Exercise objective: All of the data should be repeated exactly; pictures are not part of the copy.
─── Input data ───
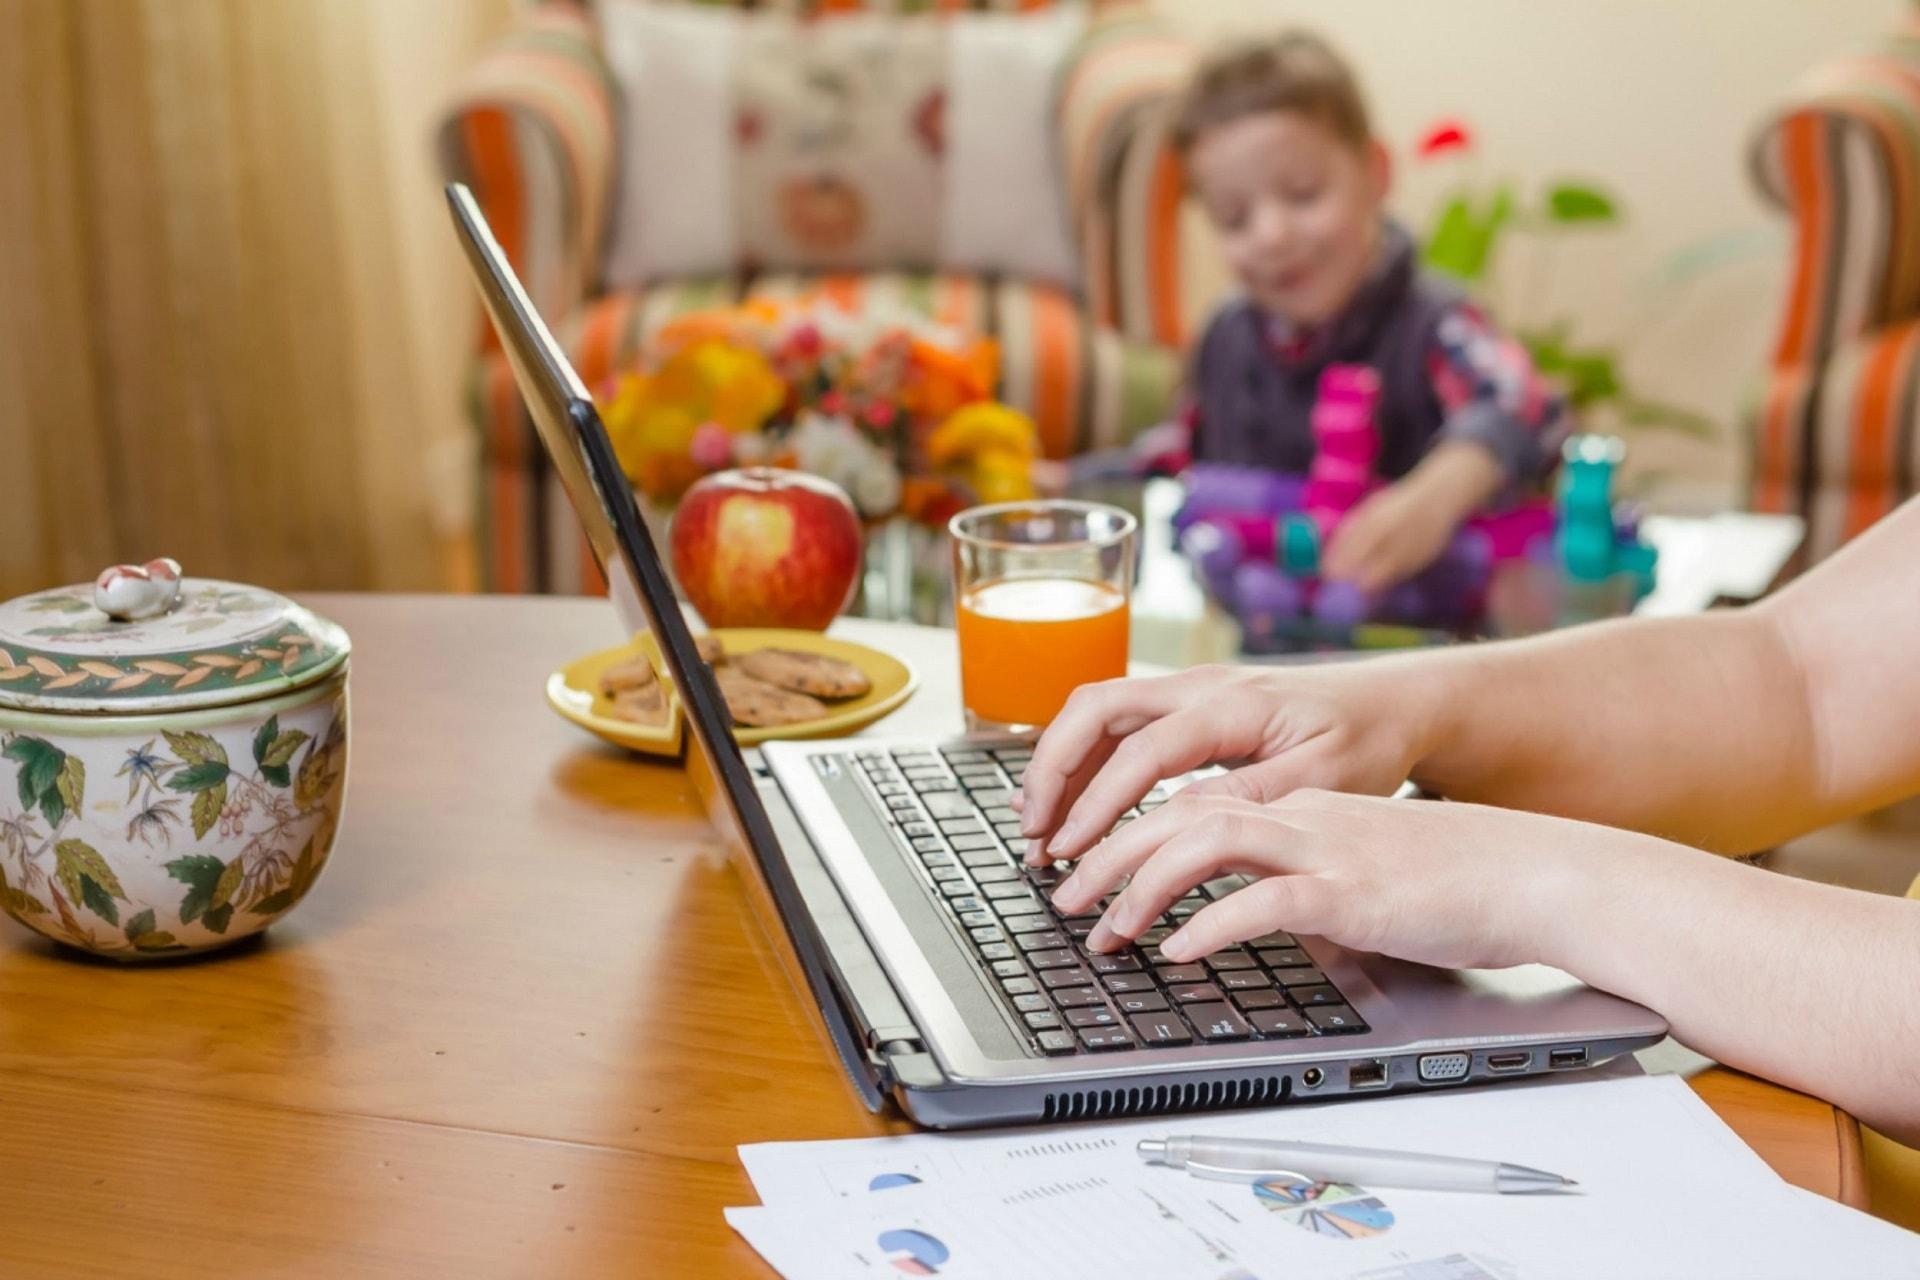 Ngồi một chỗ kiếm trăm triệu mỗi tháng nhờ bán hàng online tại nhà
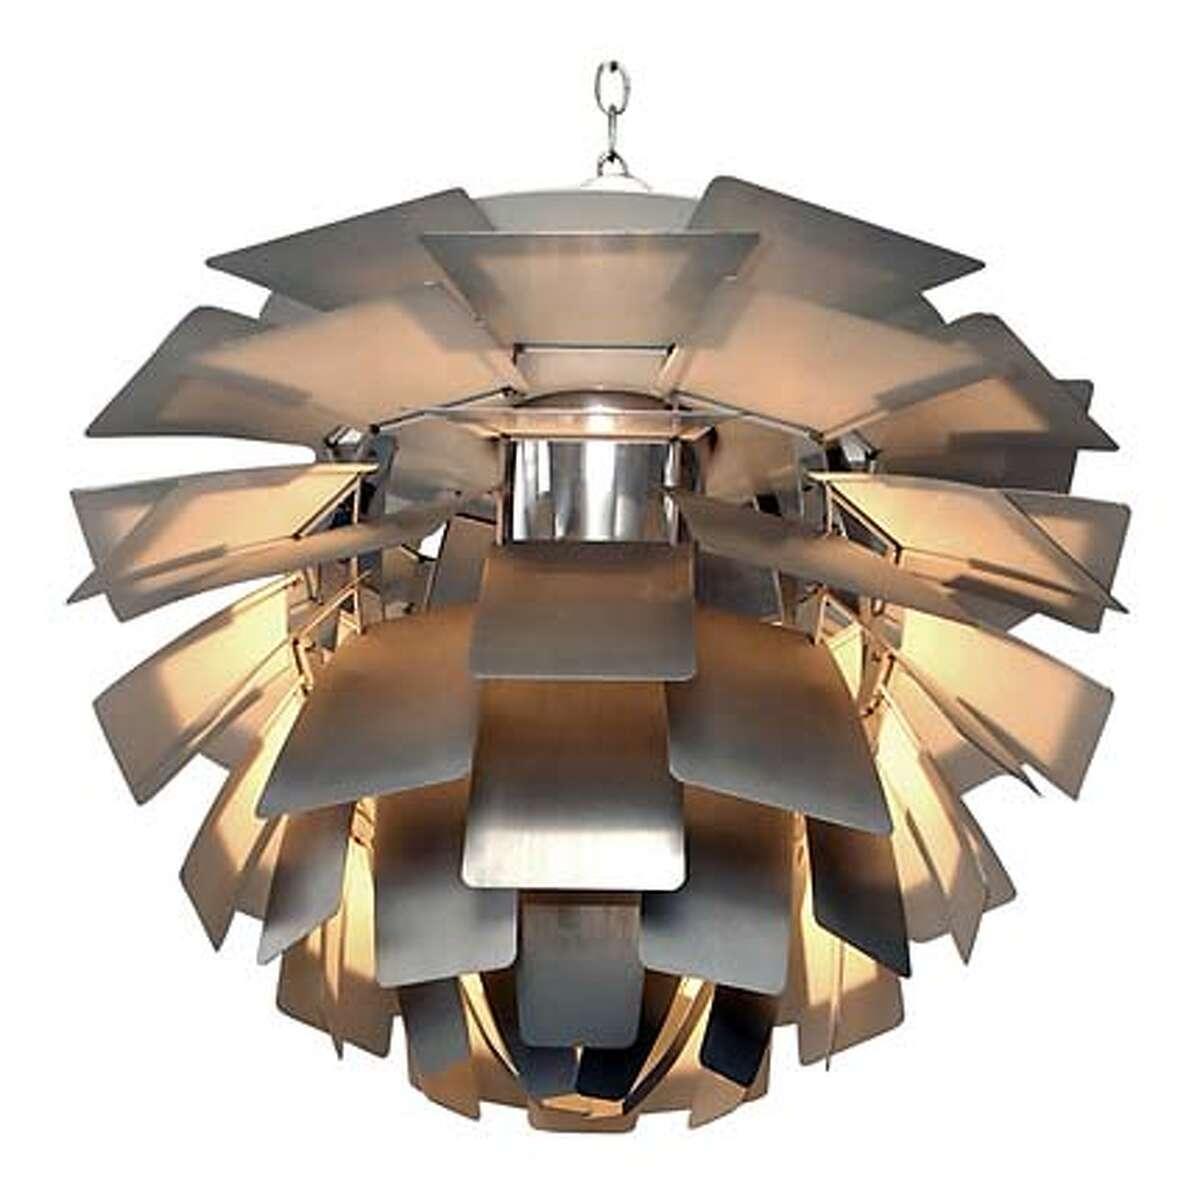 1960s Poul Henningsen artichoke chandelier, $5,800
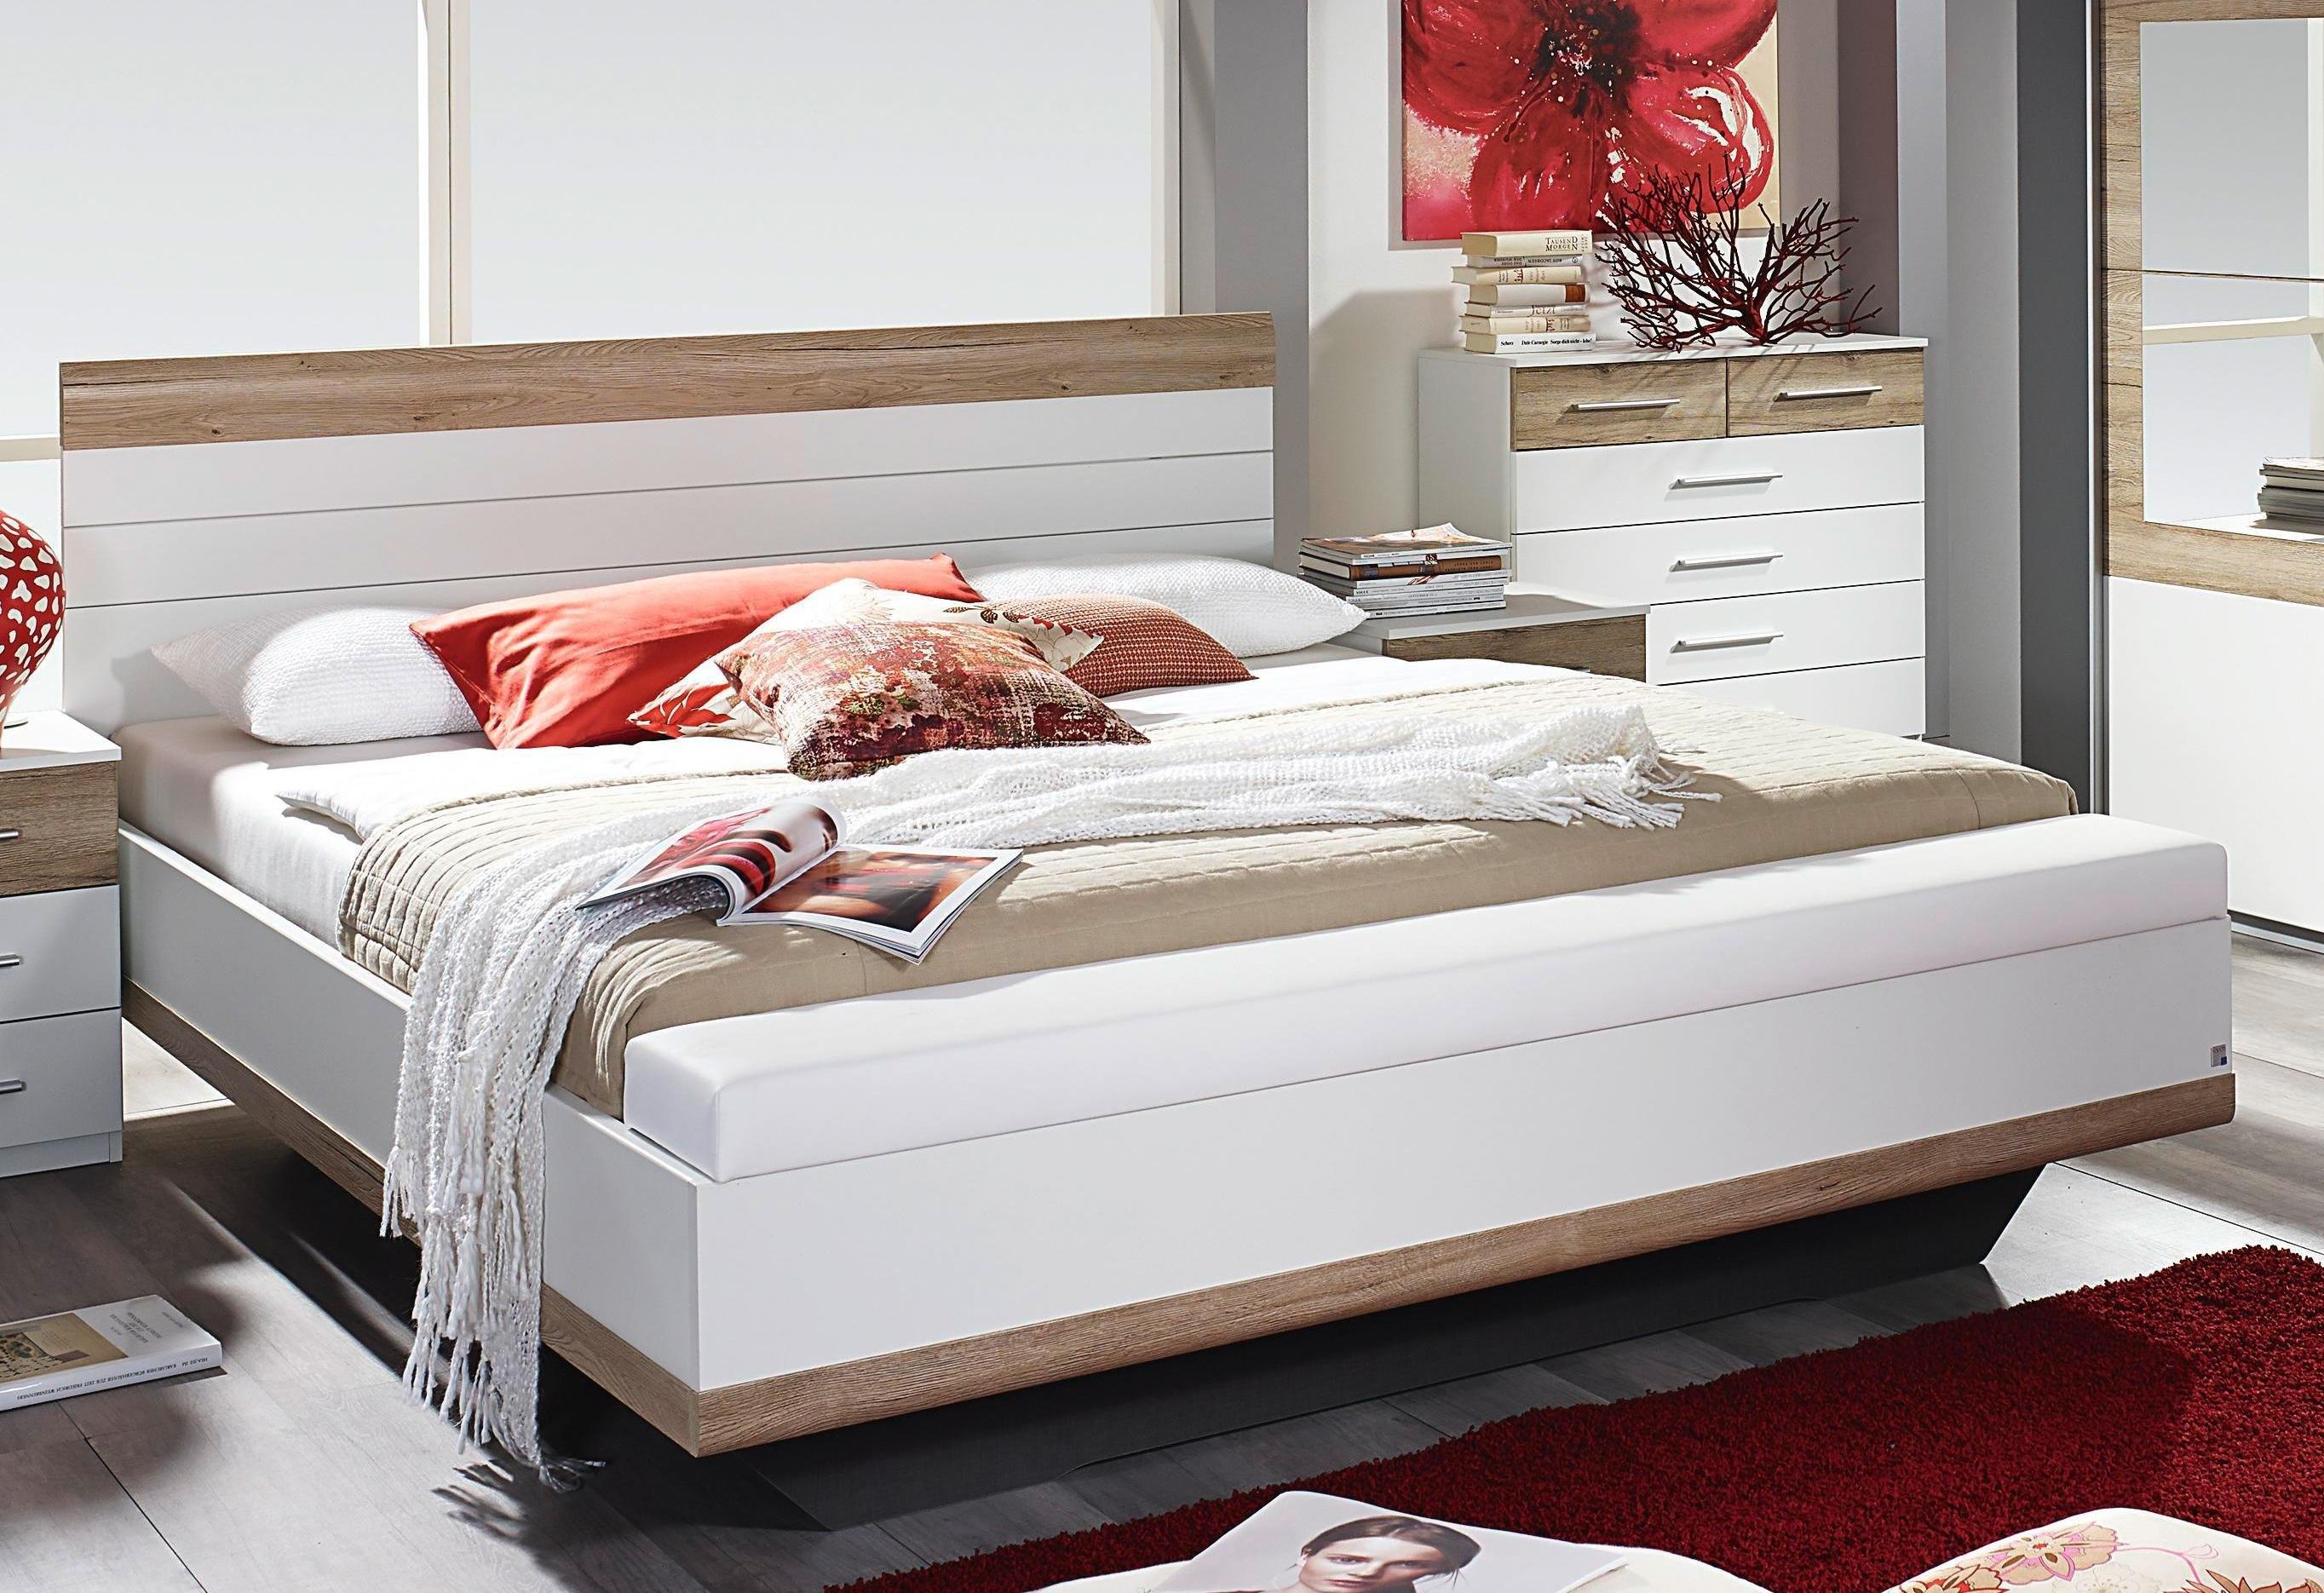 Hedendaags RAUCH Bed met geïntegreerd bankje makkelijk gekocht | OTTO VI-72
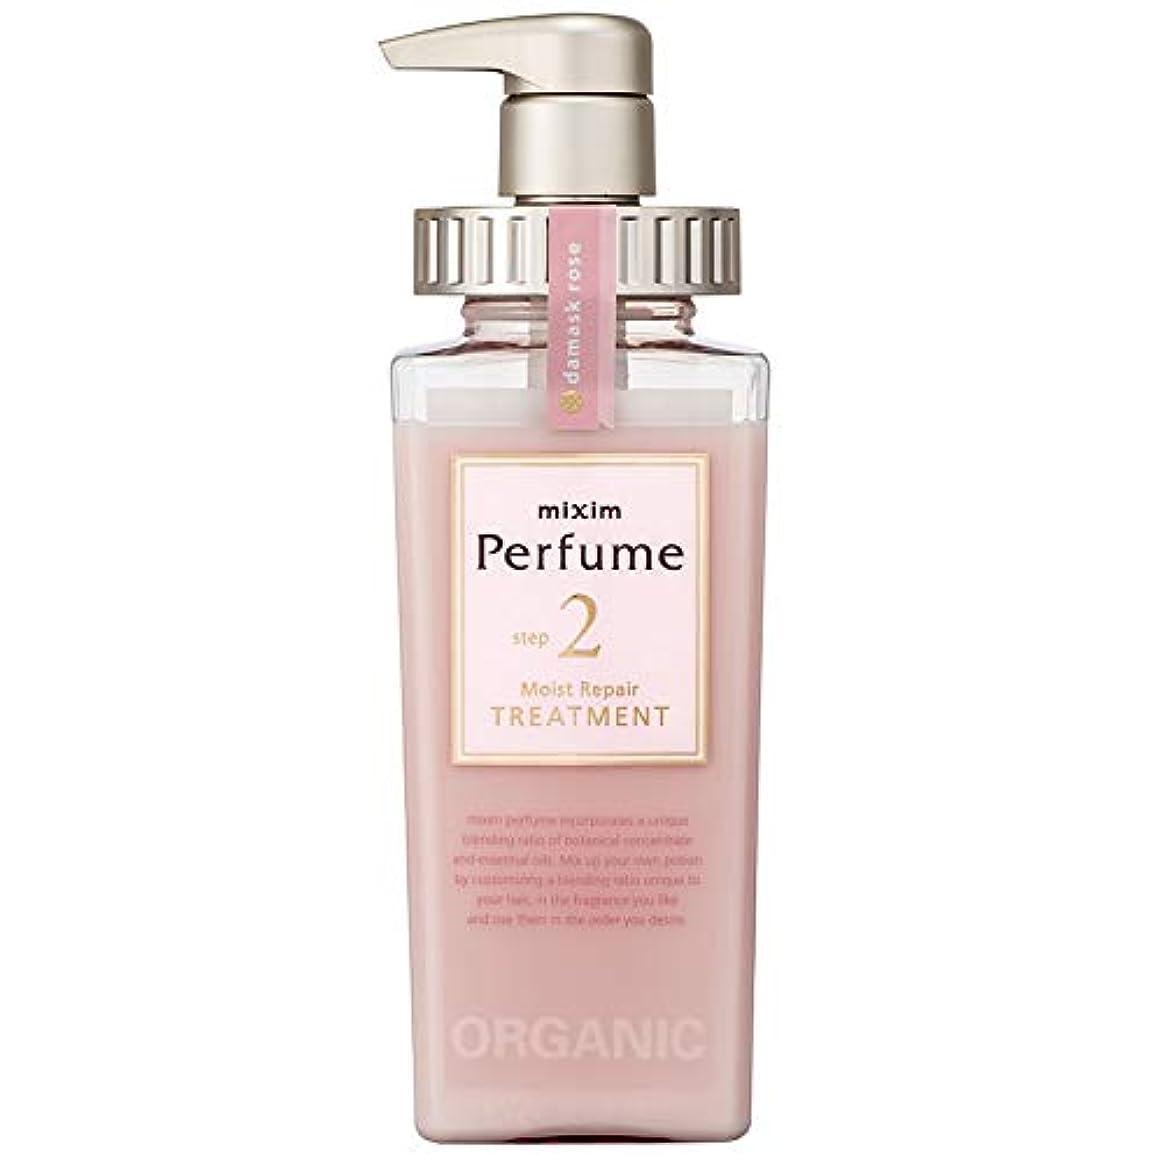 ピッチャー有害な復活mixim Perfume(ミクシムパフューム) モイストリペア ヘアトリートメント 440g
───
Problem solution:
 Ngồi một chỗ kiếm trăm triệu mỗi tháng nhờ bán hàng online tại nhà
 1960s Poul Henningsen artichoke chandelier, $5,800
 Hedendaags RAUCH Bed met geïntegreerd bankje makkelijk gekocht | OTTO VI-72
 ピッチャー有害な復活mixim Perfume(ミクシムパフューム) モイストリペア ヘアトリートメント 440g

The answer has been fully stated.